ComfyUI scans prompt text for `embedding:NAME` syntax. The skill's
`_common.iter_embedding_refs()` extracts these as model dependencies.

```text
"a beautiful cat, embedding:goodvibes:1.2, embedding:art-style"
```

`extract_schema.py` and `check_deps.py` surface these in
`embedding_dependencies` / `missing_embeddings`.

## Parameter Injection Pattern

```python
import json, copy

with open("workflow_api.json") as f:
    workflow = json.load(f)

wf = copy.deepcopy(workflow)
wf["6"]["inputs"]["text"] = "a beautiful sunset"
wf["7"]["inputs"]["text"] = "ugly, blurry"
wf["3"]["inputs"]["seed"] = 42
wf["3"]["inputs"]["steps"] = 30
wf["5"]["inputs"]["width"] = 1024
wf["5"]["inputs"]["height"] = 1024
```

`scripts/extract_schema.py` automates discovering which node IDs/fields
correspond to which user-facing parameters. It returns a `parameters` dict
that `run_workflow.py` reads to inject values from `--args`.

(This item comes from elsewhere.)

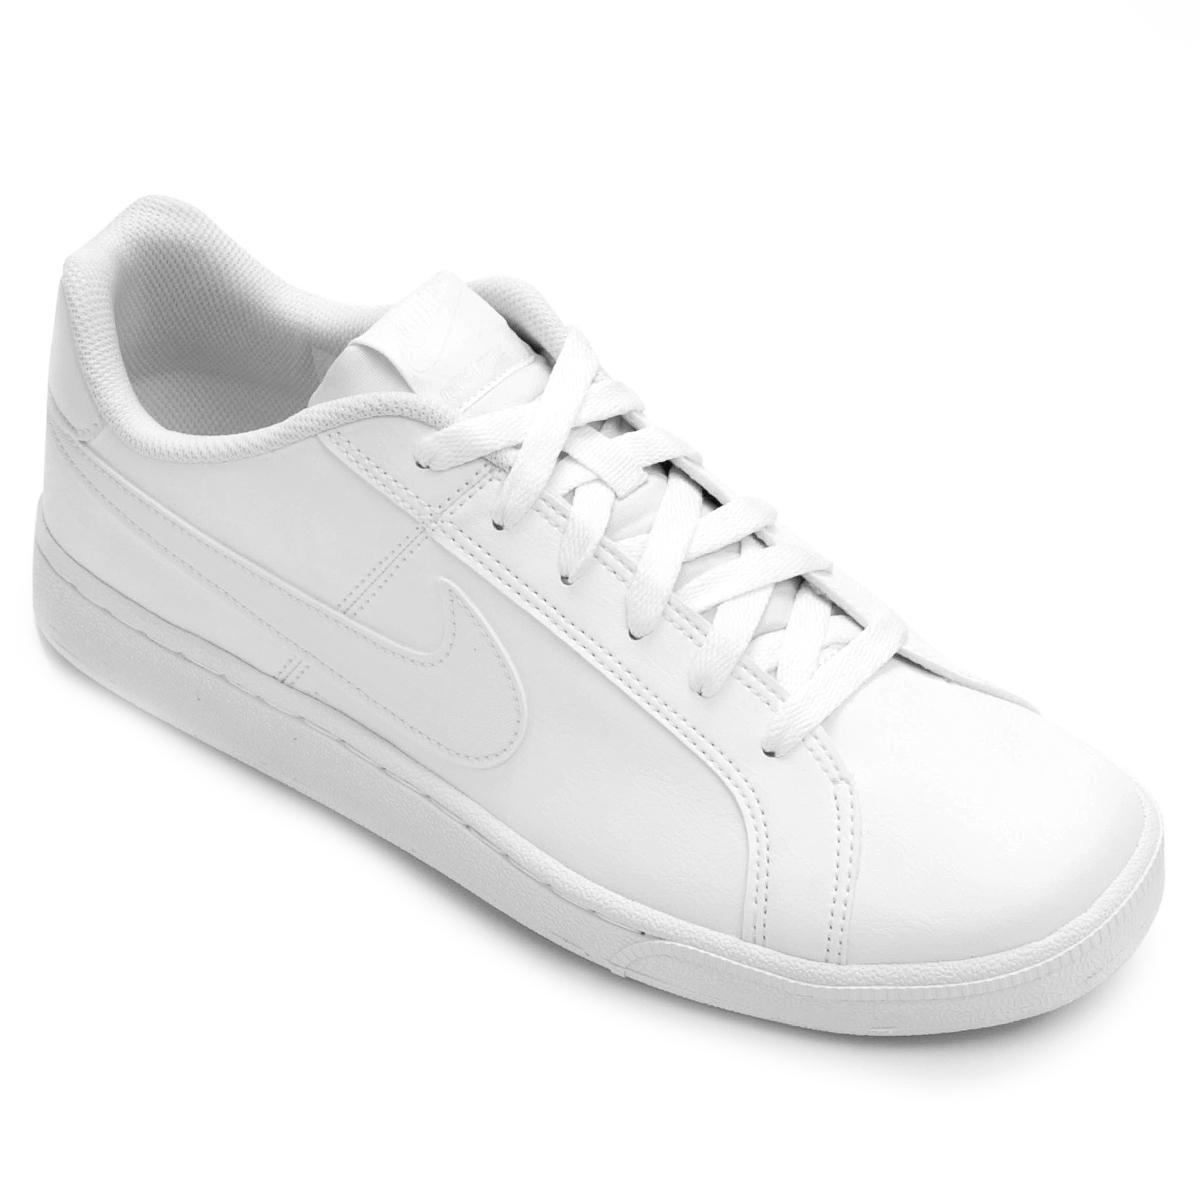 a50463c1b9 Tênis Couro Nike Court Royale Masculino - Branco - Compre Agora ...

## Identifying Controllable Parameters (Heuristics)

For unknown workflows:

1. **Prompt text** — any `CLIPTextEncode.text`. Use connection tracing back
   from `KSampler.positive` / `.negative` to disambiguate (don't trust
   meta-title alone).
2. **Seed** — `KSampler.seed` / `KSamplerAdvanced.noise_seed` / `RandomNoise.noise_seed`.
3. **Dimensions** — `Empty*LatentImage.width/height` (must be multiples of 8).
4. **Steps / CFG** — `KSampler.steps`, `KSampler.cfg`. Steps 20–50 typical.
   CFG 5–15 typical (Flux uses guidance, not CFG).
5. **Model / checkpoint** — `CheckpointLoaderSimple.ckpt_name`. Filename must
   match an installed file *exactly*.
6. **LoRA** — `LoraLoader.lora_name`, `.strength_model`.
7. **Images for img2img / inpaint** — `LoadImage.image`. Server-side filename
   after upload.
8. **Denoise** — `KSampler.denoise`. 0.0–1.0; 1.0 = ignore input image,
   0.0 = pass through. Sweet spot for img2img: 0.4–0.7.

## Output Nodes

Output is produced by these node types. The skill's `OUTPUT_NODES` set
extends to common community packs.

| Node | Output Key | Content |
|------|-----------|---------|
| `SaveImage` | `images` | List of `{filename, subfolder, type}` |
| `PreviewImage` | `images` | Temporary preview (not saved) |
| `VHS_VideoCombine` | `gifs` (older) or `videos`/`video` (newer cloud) | Video file refs |
| `SaveAudio` | `audio` | Audio file refs |
| `SaveAnimatedWEBP` / `SaveAnimatedPNG` | `images` | Animated images |
| `Save3D` | `3d` | 3D asset refs |

After execution, fetch outputs from `/history/{prompt_id}` (local) or
`/api/jobs/{prompt_id}` (cloud) → `outputs` → `{node_id}` → `{key}`.

## Wrapper Variants

Some saved JSON files wrap the workflow under a `"prompt"` key (matching
the `/api/prompt` payload shape). The skill's `_common.unwrap_workflow()`
handles this — pass any of:

- raw API format: `{"3": {...}, "4": {...}}`
- wrapped: `{"prompt": {"3": {...}}, "client_id": "..."}`

It rejects editor format with a clear error and a re-export instruction.